You can share Skills online!

now this - THIS!!! changes things.

sure, being able to make a skill to solve some edge case is cool. BUT!

now you can go share your skill online, and nobody has to deal with that edge case anymore.

this way, you slowly accumulate more skills, improving your agent with more and more capabilities.

But what if I have too many Skills?

oh no! the same problem from earlier came back! aaaaaaaa >o<

worry not ~ for there is a super simple solution:

just move some folders and edit some files.

yes, just cluster some skills together! maybe put stock_prices along with web_search into a new skill online_stuff with a description “For searching the web and getting stock prices”. then rename those old SKILL.md files to something else… like maybe general.md or whatever and remove their header.

Verdict iguess

this stuff is cool.
i always liked the idea of structuring stuff as files and dirs instead of json or whatever sql uses. it makes editing the data SO much quicker and easier for everyone.

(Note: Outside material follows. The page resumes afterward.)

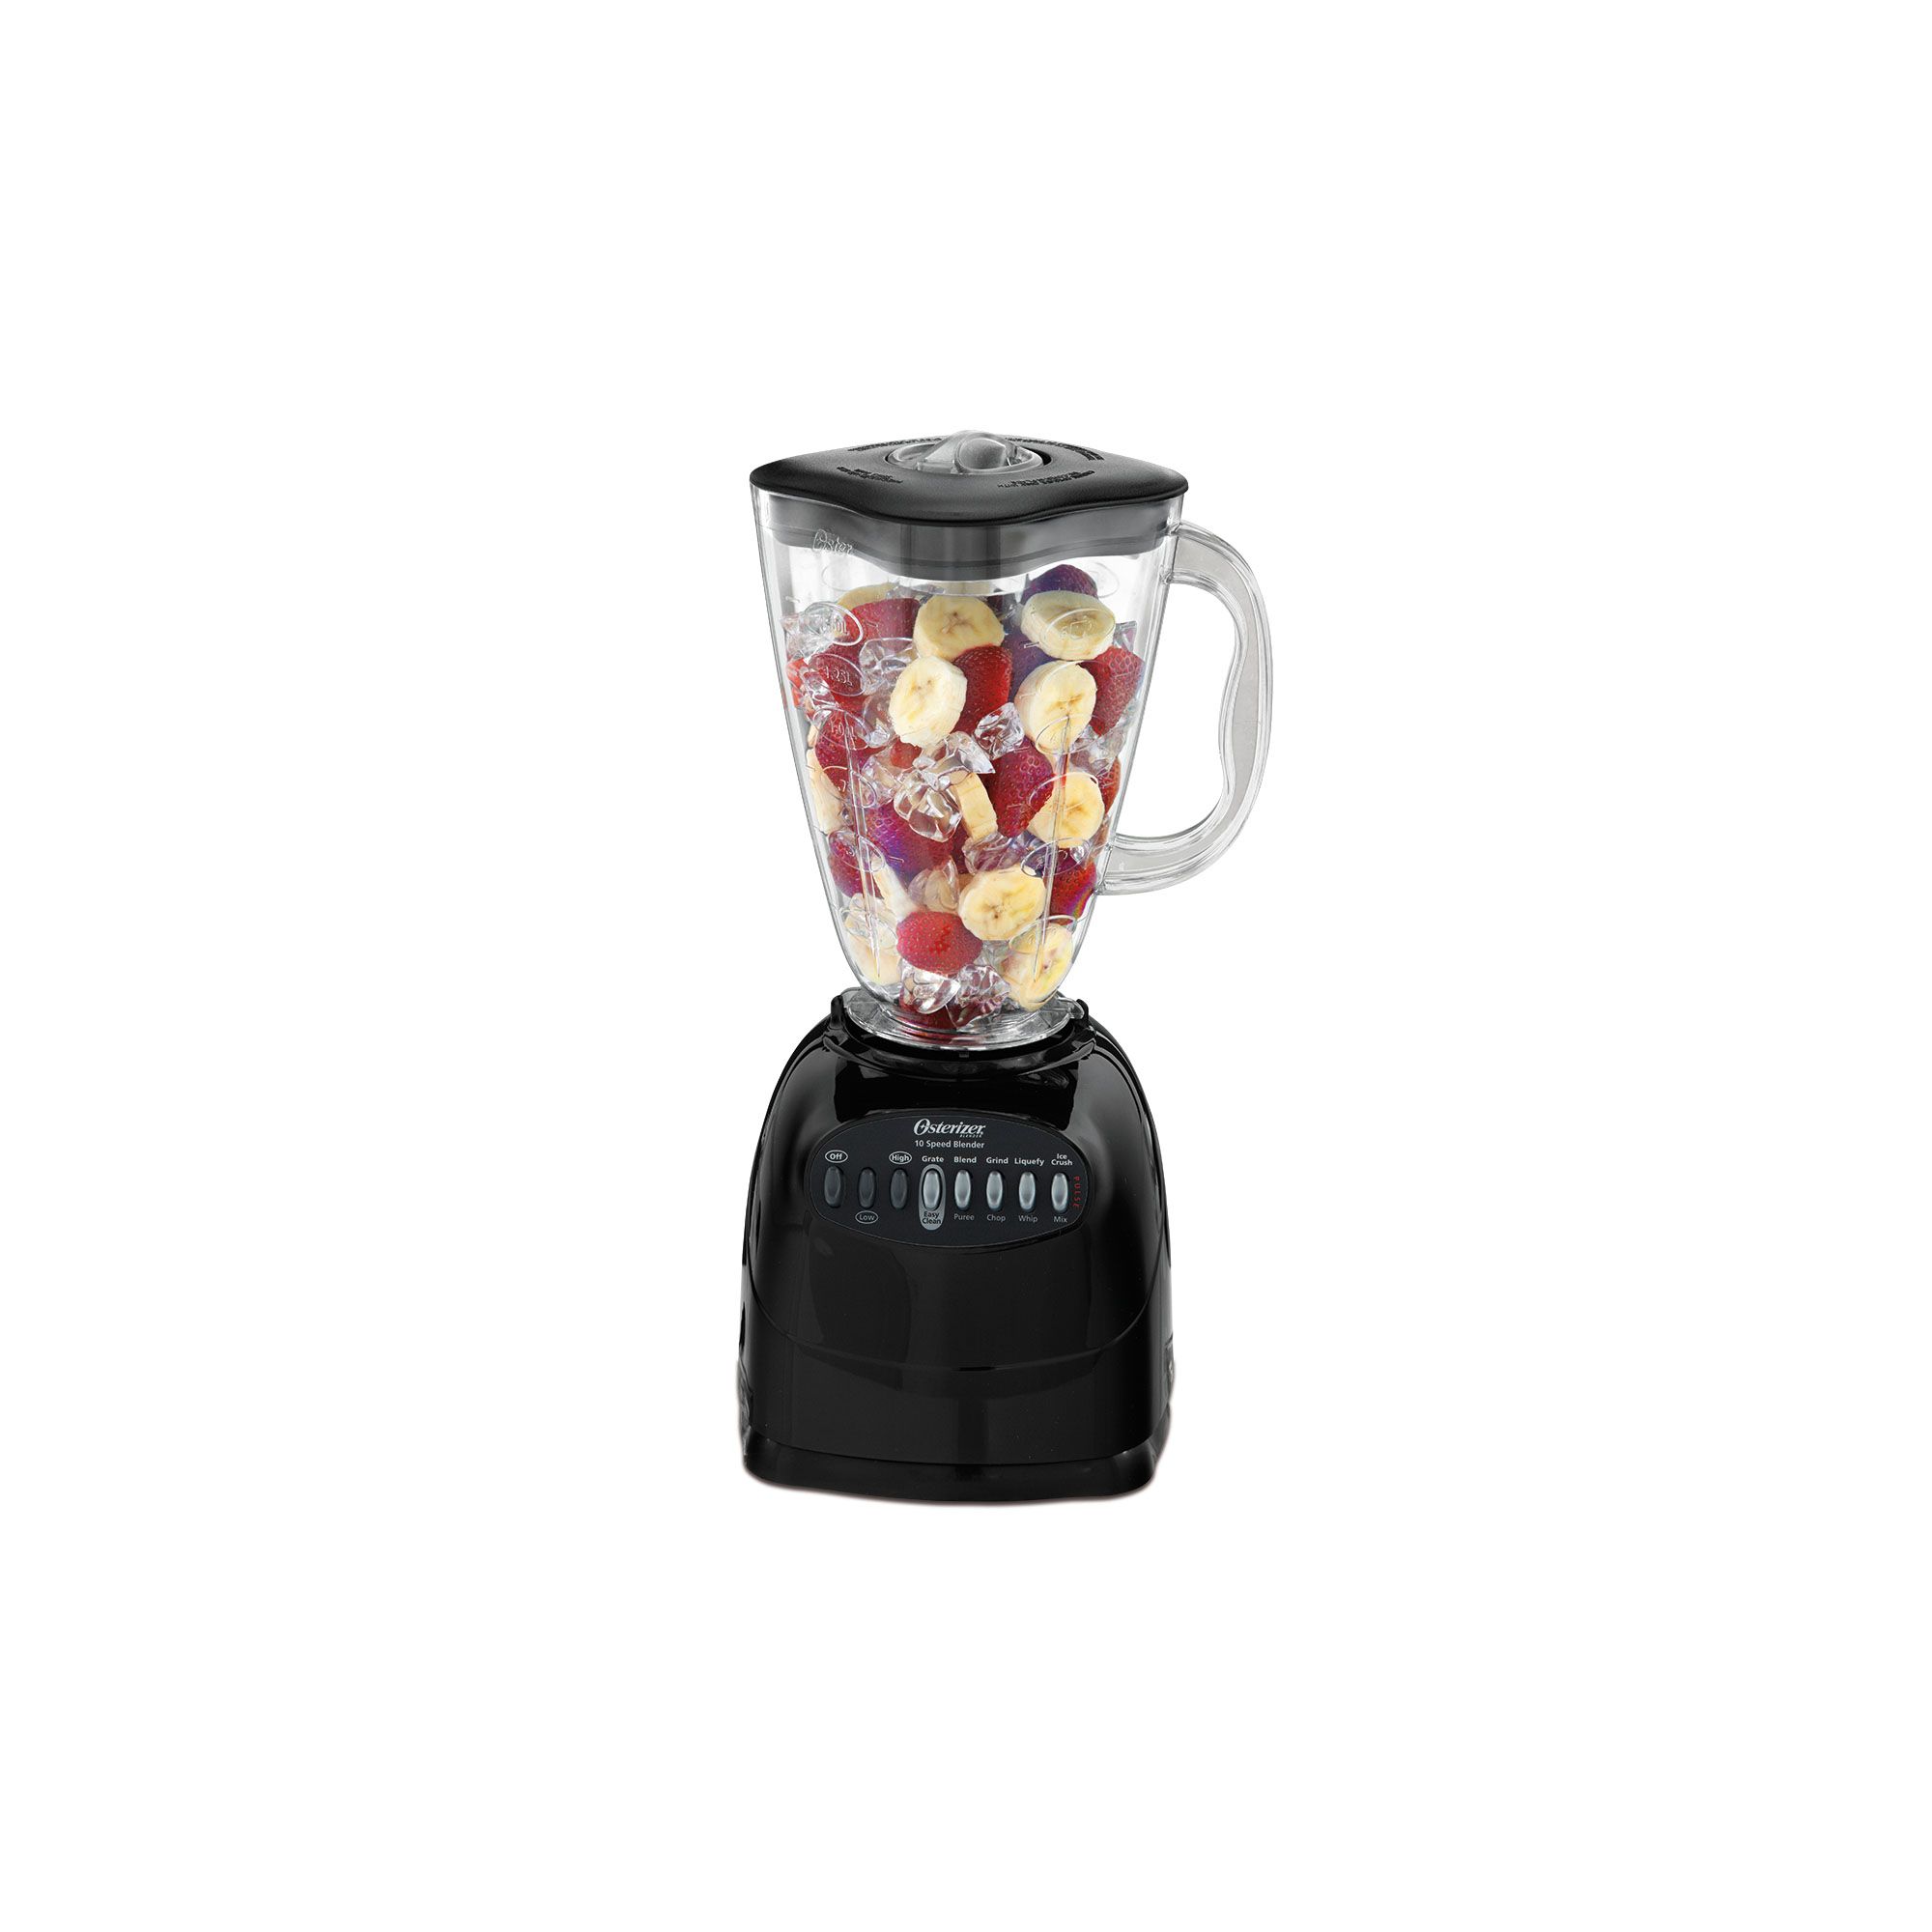 Oster® Easy-to-Clean Smoothie Blender with Dishwasher-Safe Glass

if u wanted to edit an agents behaviour earlier, you would have to

know prompting stuff
know programming basics
go and find the files somewhere in your agents directory
hope that they expose their tools
somewhere in there, adjust a system prompt

but now! u can just - add a directory with stuff in it you want the agent to have.

its - so simple and obvious - but soooooooooooooooo useful.

i feel the urge to… write some random skill and see the agent explore the dir and say “ah, this seems useful” and get all giddy bout it ----- but that’s probably just me…

SKILL.md: ah yes, finally, docs for language models!